WORK TASK>
The response should repeat word for word every line below from the one with "Open terminal in editor" to the one with "Adjective order worksheet 1", inclusive, and nothing else; leave pictures out.

GIVEN DATA>
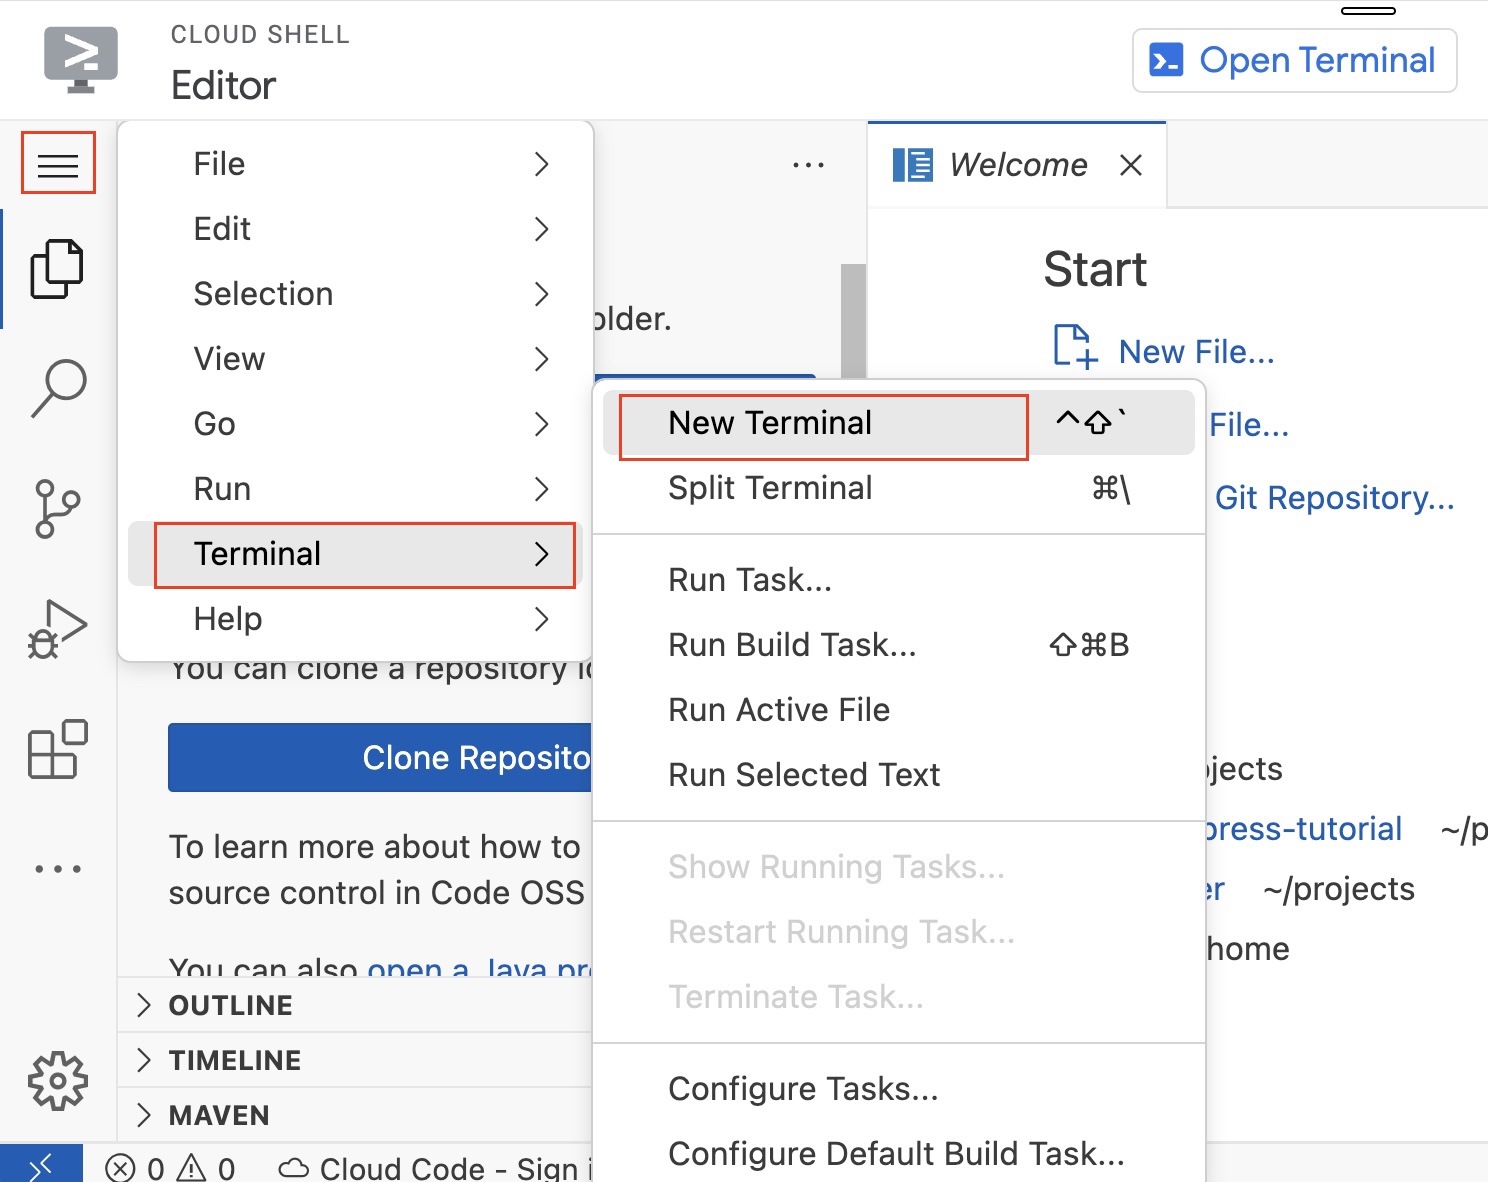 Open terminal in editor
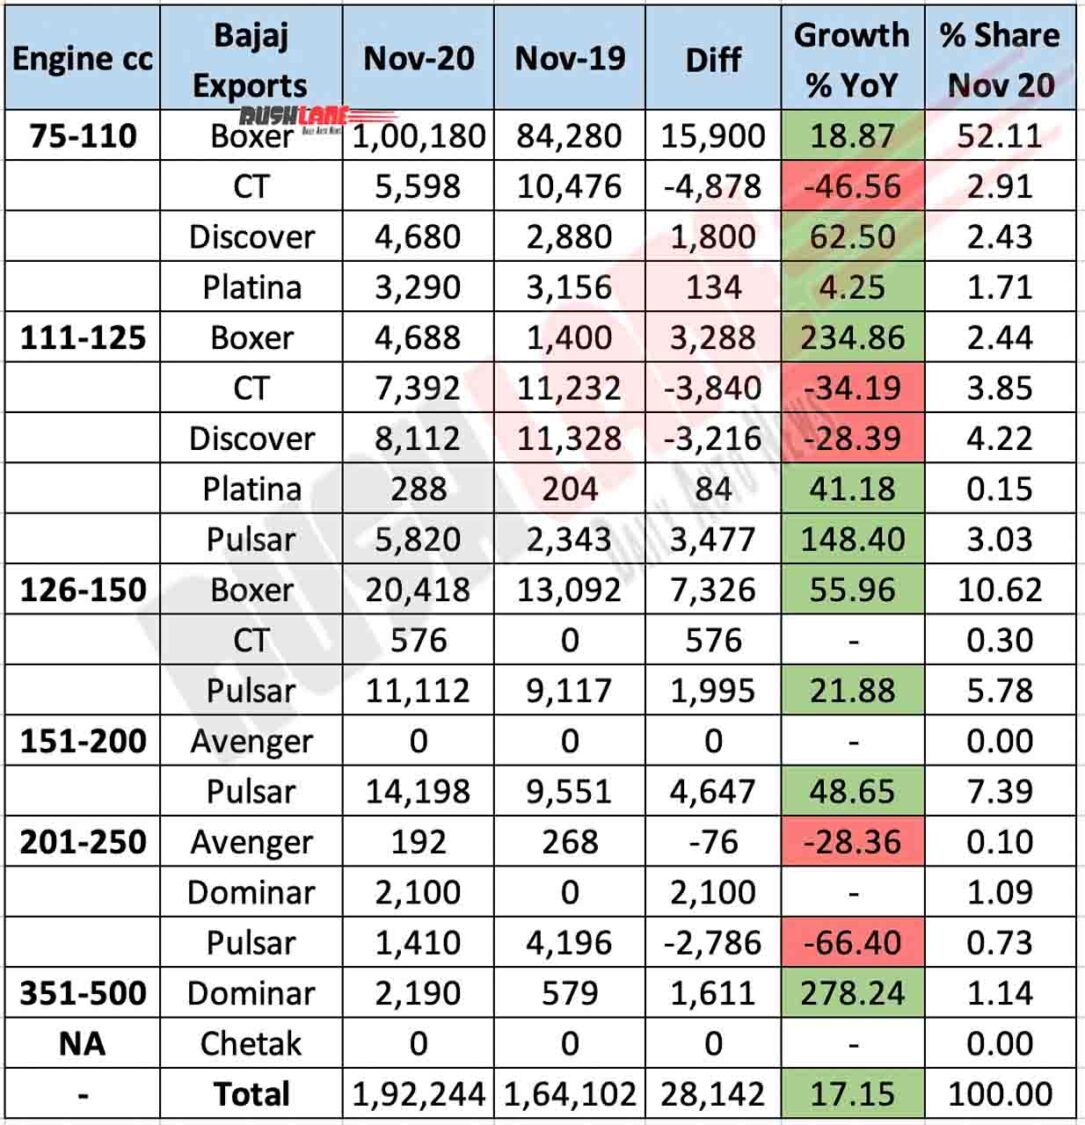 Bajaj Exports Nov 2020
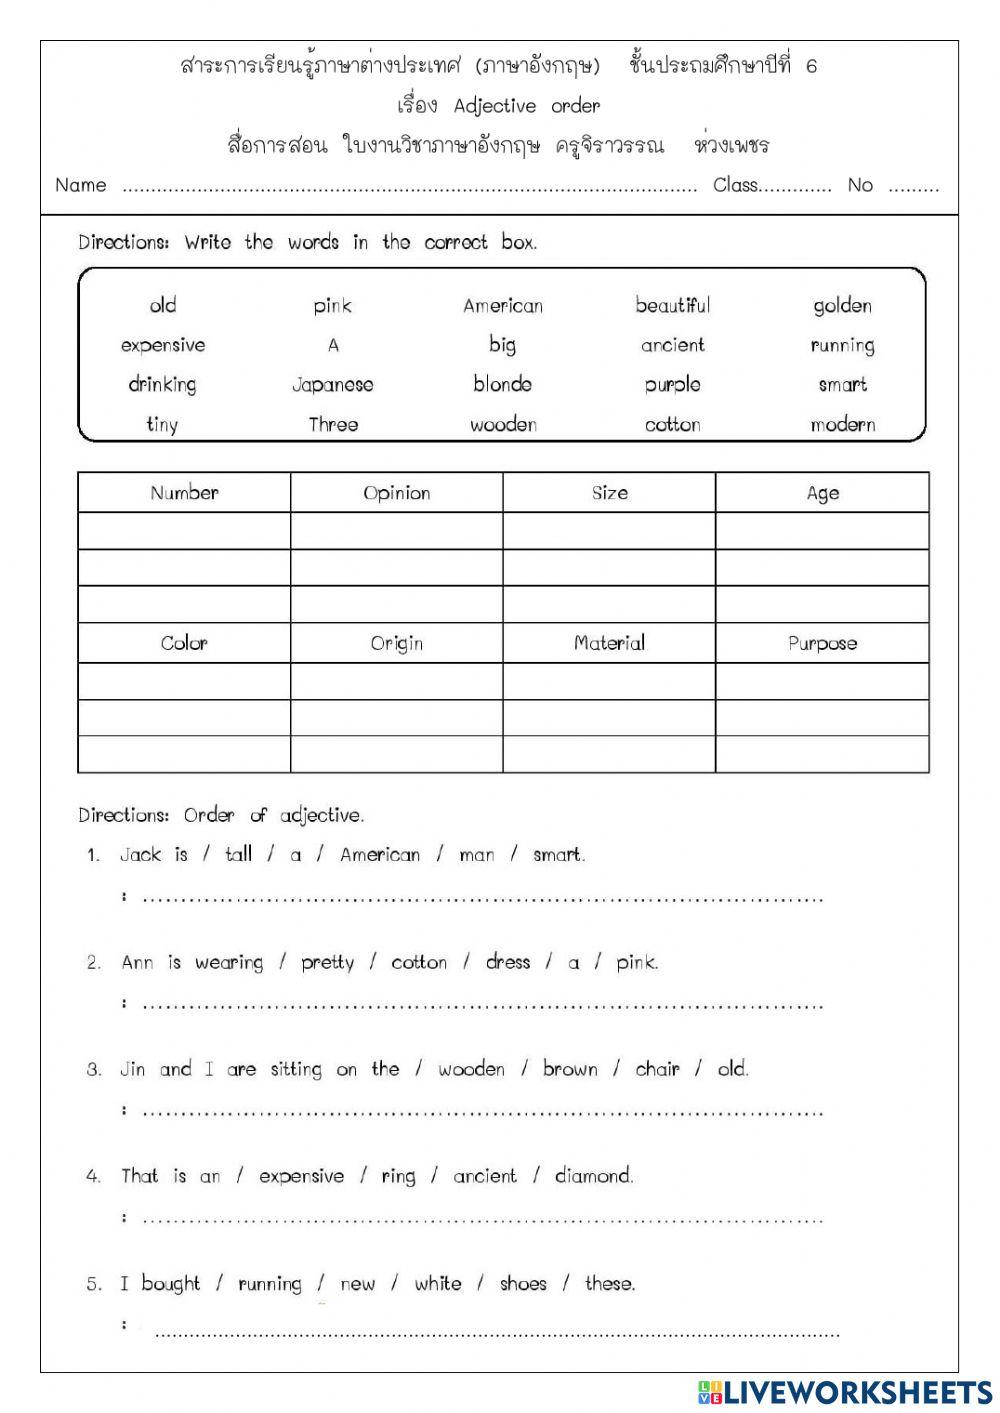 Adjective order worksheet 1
==
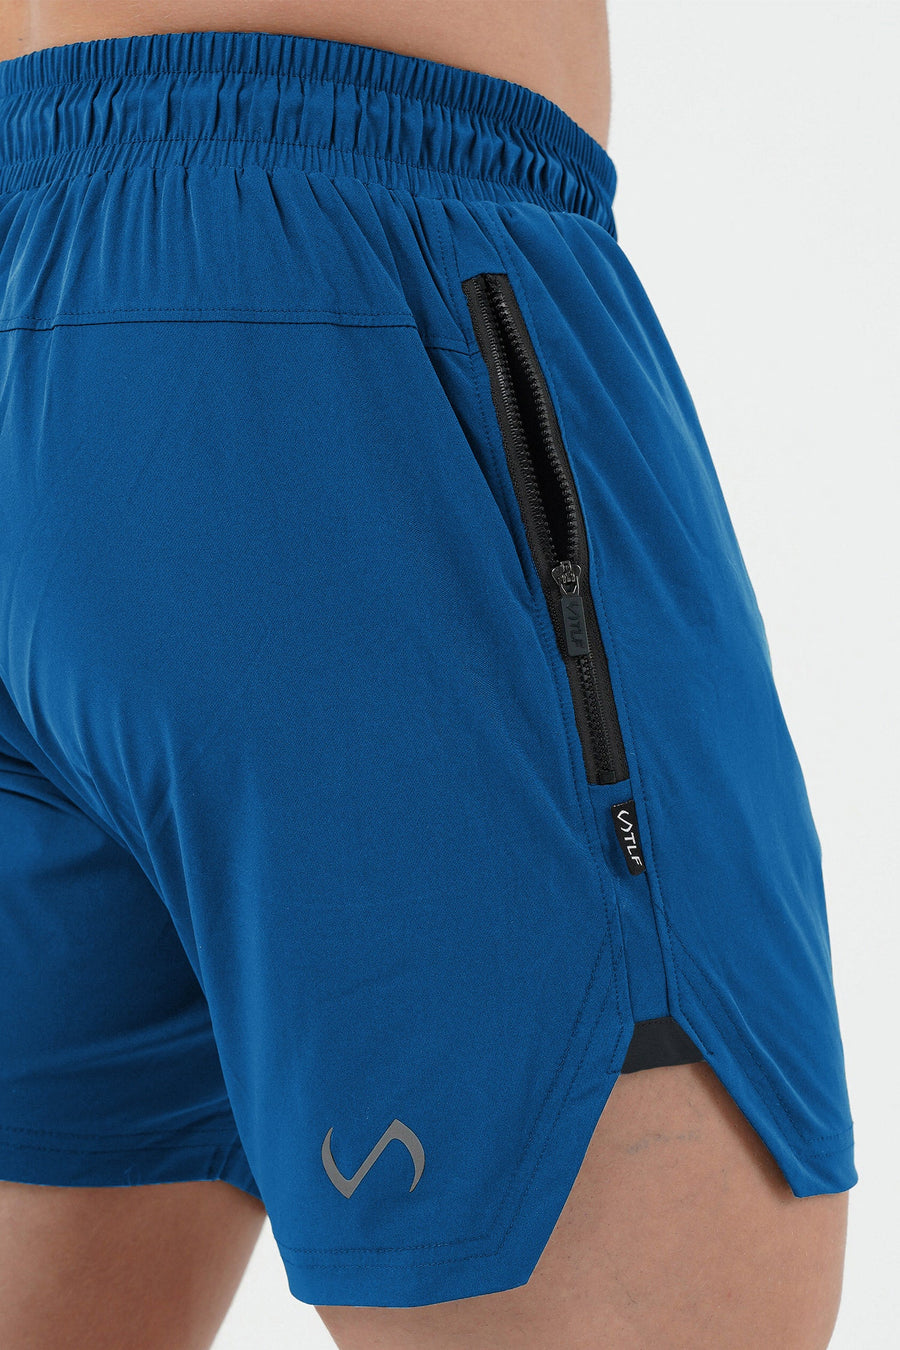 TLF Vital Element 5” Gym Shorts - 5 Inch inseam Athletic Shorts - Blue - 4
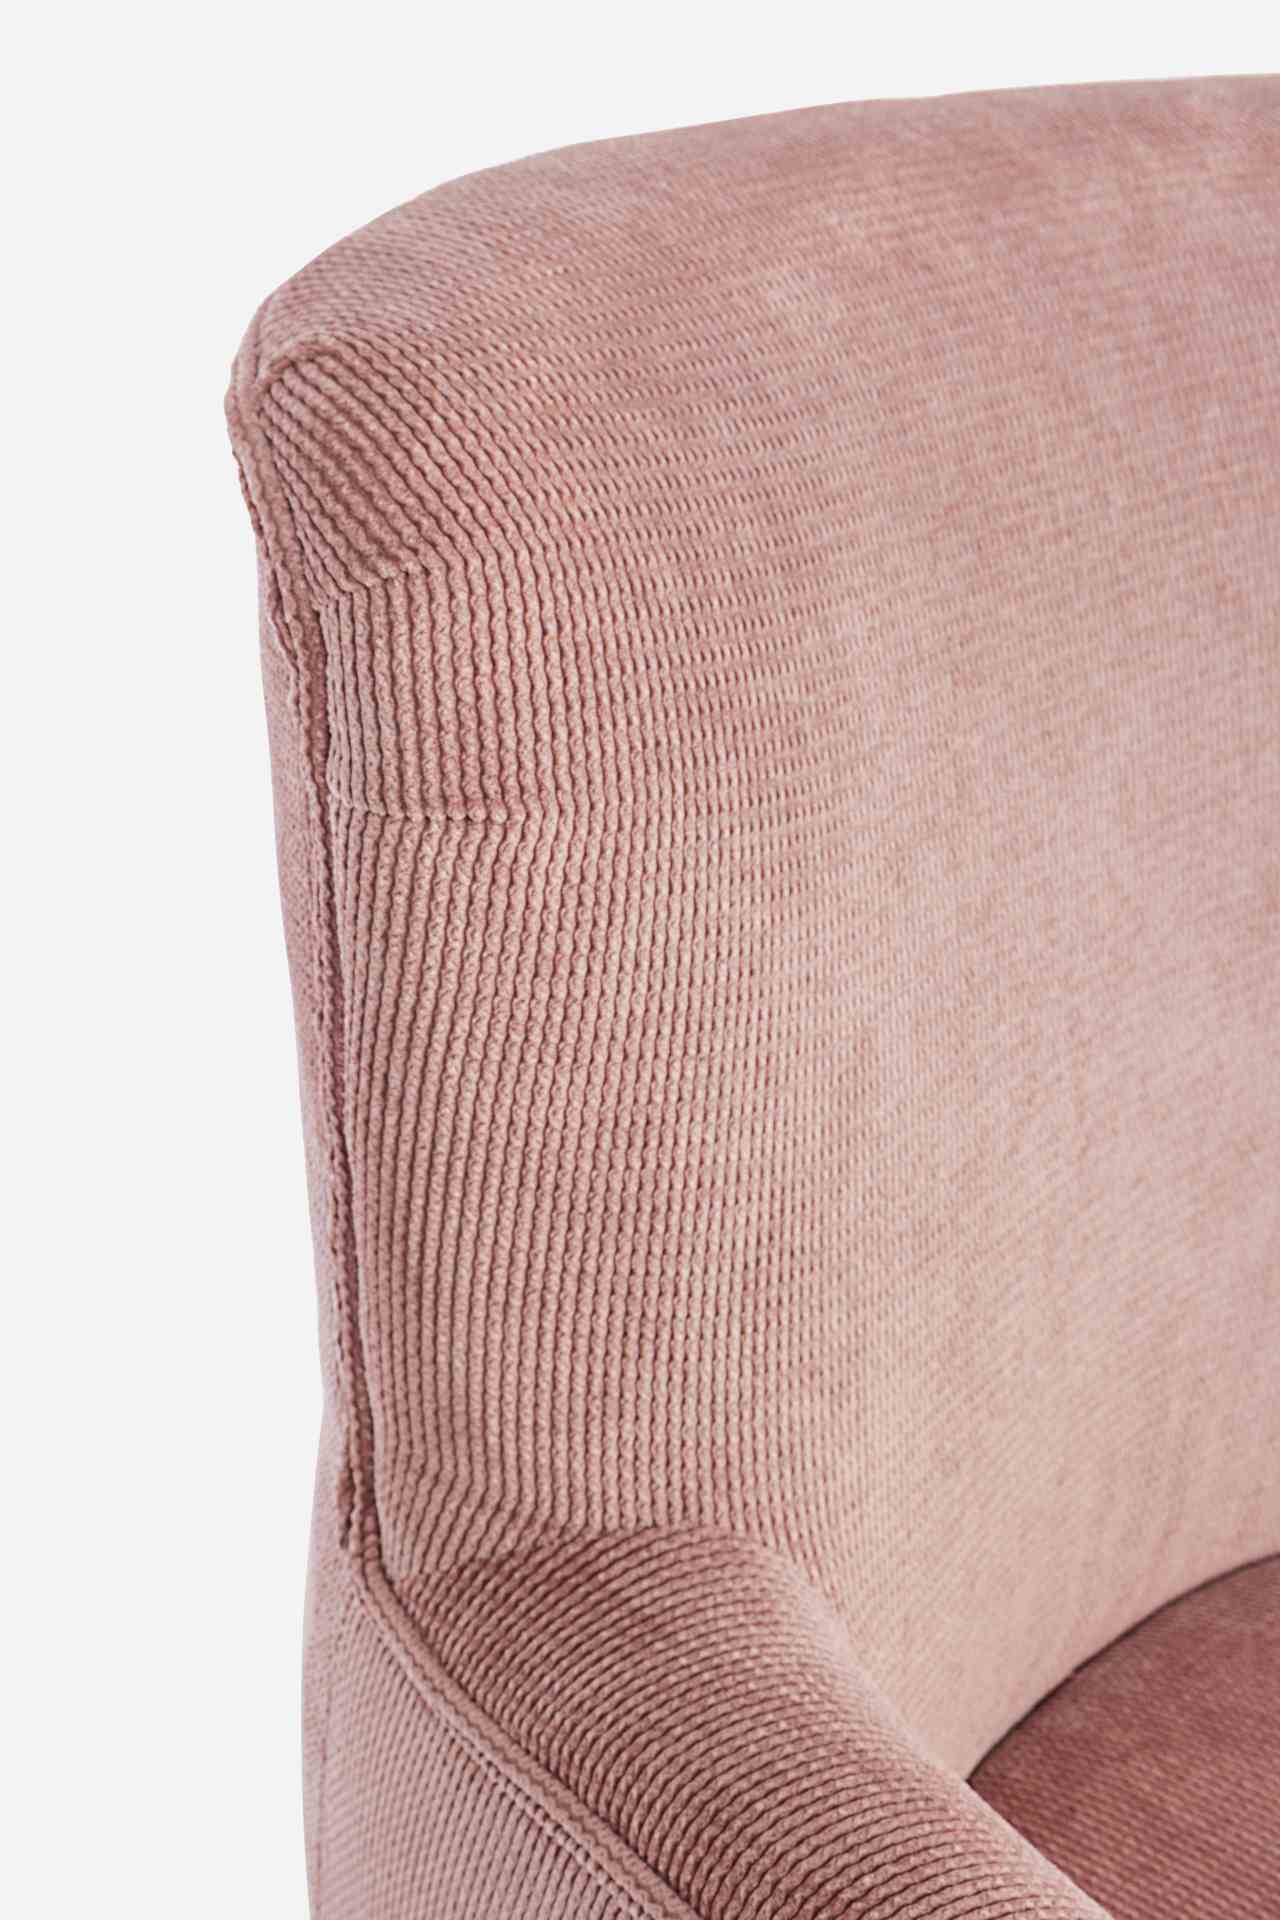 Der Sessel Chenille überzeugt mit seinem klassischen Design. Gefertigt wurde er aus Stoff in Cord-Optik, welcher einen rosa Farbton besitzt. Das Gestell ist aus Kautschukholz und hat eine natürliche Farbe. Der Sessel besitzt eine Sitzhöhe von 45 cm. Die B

RESPONSE TO THE EXERCISE>
 Open terminal in editor
 Bajaj Exports Nov 2020
 Adjective order worksheet 1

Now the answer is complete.